I really don’t see anyone creating some sort of grand nirvana that beats what we currently have on any of these metrics. The entire reason the Internet is as open and interoperable as it is is because it was built in a world without commercial imperative or political oversight; all future efforts will be led by companies seeking profits and regulated by governments seeking control, both of which result in centralization and lock-in. Crypto pushes in the opposite direction, but it is a product of the Internet that relies on many of the qualities in Ball’s list, not a replacement.

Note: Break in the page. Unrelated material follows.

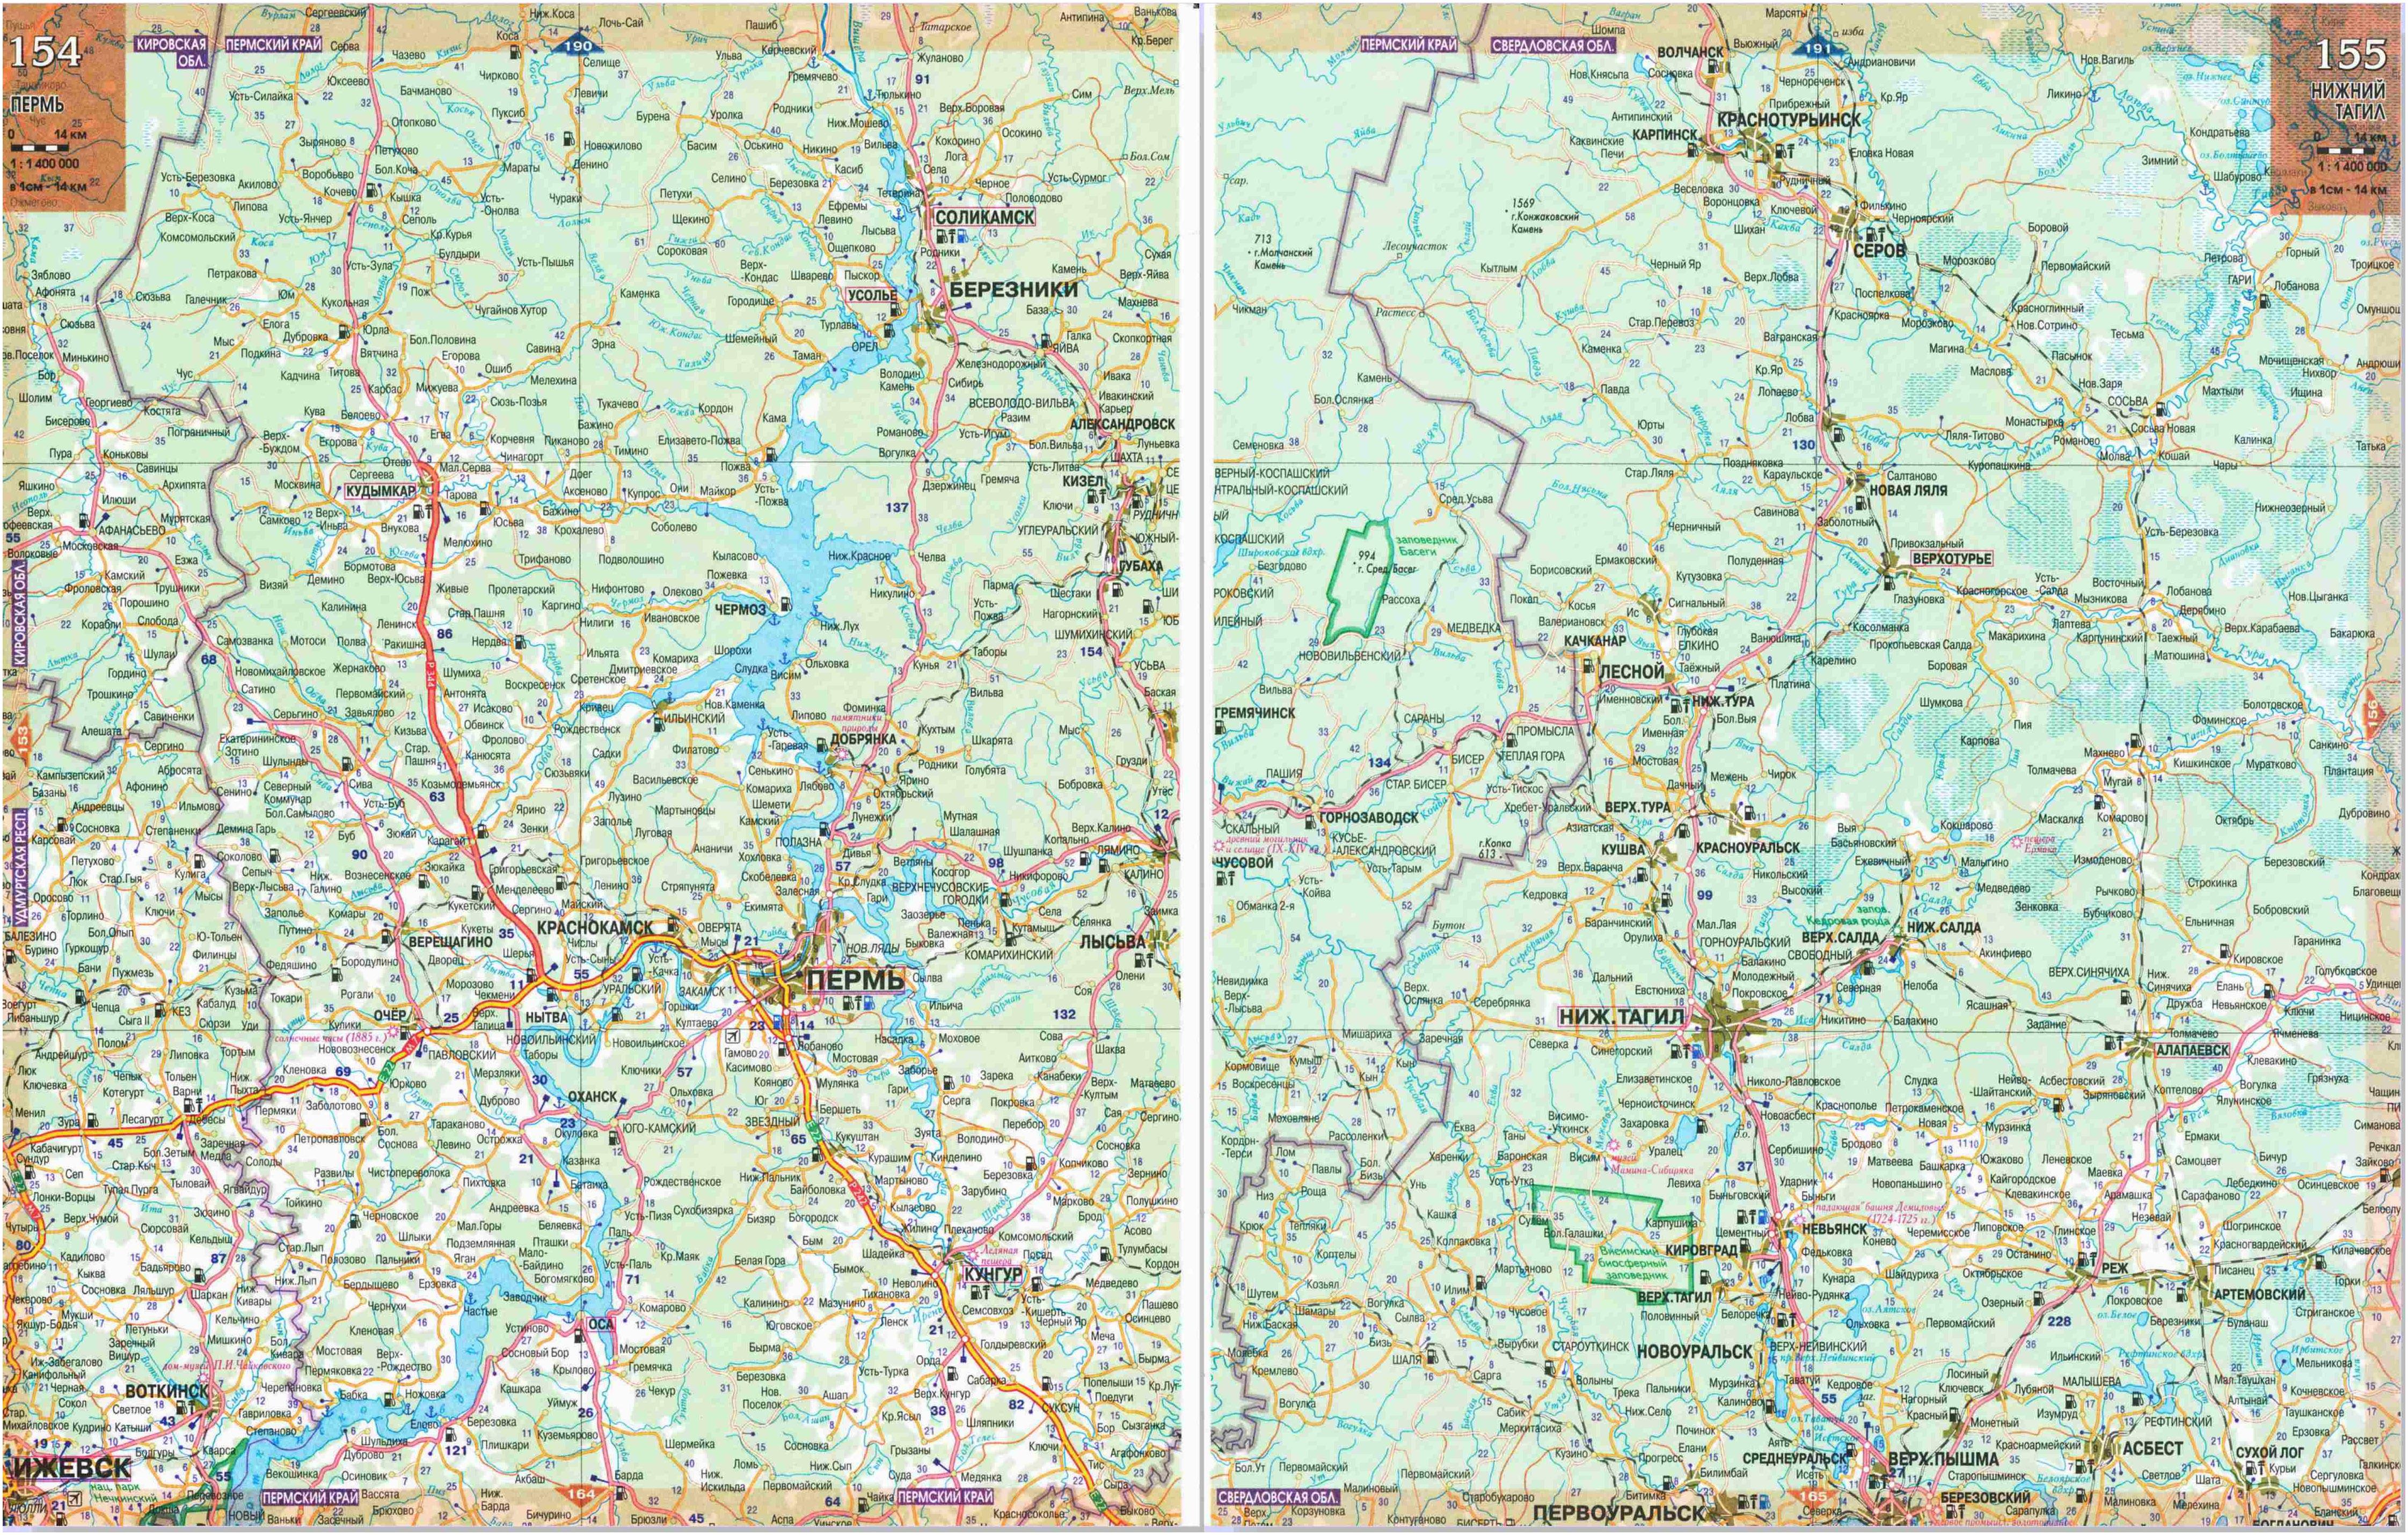 Карта автодорог - Свердловская область.  Подробная карта дорог Свердловской области с расстояниями между городами.

What makes “The Metaverse” unique, then, is that it is the Internet best experienced in virtual reality. This, though, will take time; I expect that the first virtual reality experiences will be individual metaverses, tied together by the Internet as we experience it today.

Mobile and the Physical World

Forecasts, particularly those that extend multiple years into the future, are always a dangerous enterprise; look no further than January 2020, when I argued in The End of the Beginning that mobile + cloud represented the culmination of the last fifty years in tech history:

A drawing of The Evolution of Computing

The idea behind this article is right there in the title: “The End of the Beginning”. Tech innovation wasn’t over, it was only beginning, but everything in the future would happen on top of the current paradigm.

Then COVID happened, and now I’m not so sure if that’s the entirety of the story.

Implicit in the assumption that mobile + cloud is the endpoint is the preeminence of the physical world. After all, what makes the phone the ultimate expression of a “personal computer” is that it is with us everywhere, from home to work to every moment in-between. That is what allows for continuous computing everywhere.

At the same time, for well over a year a huge portion of people’s lives was primarily digital. The primary way to connect with friends and family was via video calls or social networking; the primary means of entertainment was streaming or gaming; for white collar workers their jobs were online as well. This certainly wasn’t ideal: the first thing people want to do as the world opens up is see their friends and family in person, go to a movie or see a football game as a collective, or take a trip. Work, though, has been a bit slower to come back: even if the office is open, many meetings are still online given that some of the team may be working remote — for many companies, permanently.

This last case presents a scenario where the physical is not pre-eminent; an Internet connection is. In this online-only world a phone is certainly essential as a means to stay connected while moving around; it is not, though, the best way to be online. Virtual reality could be.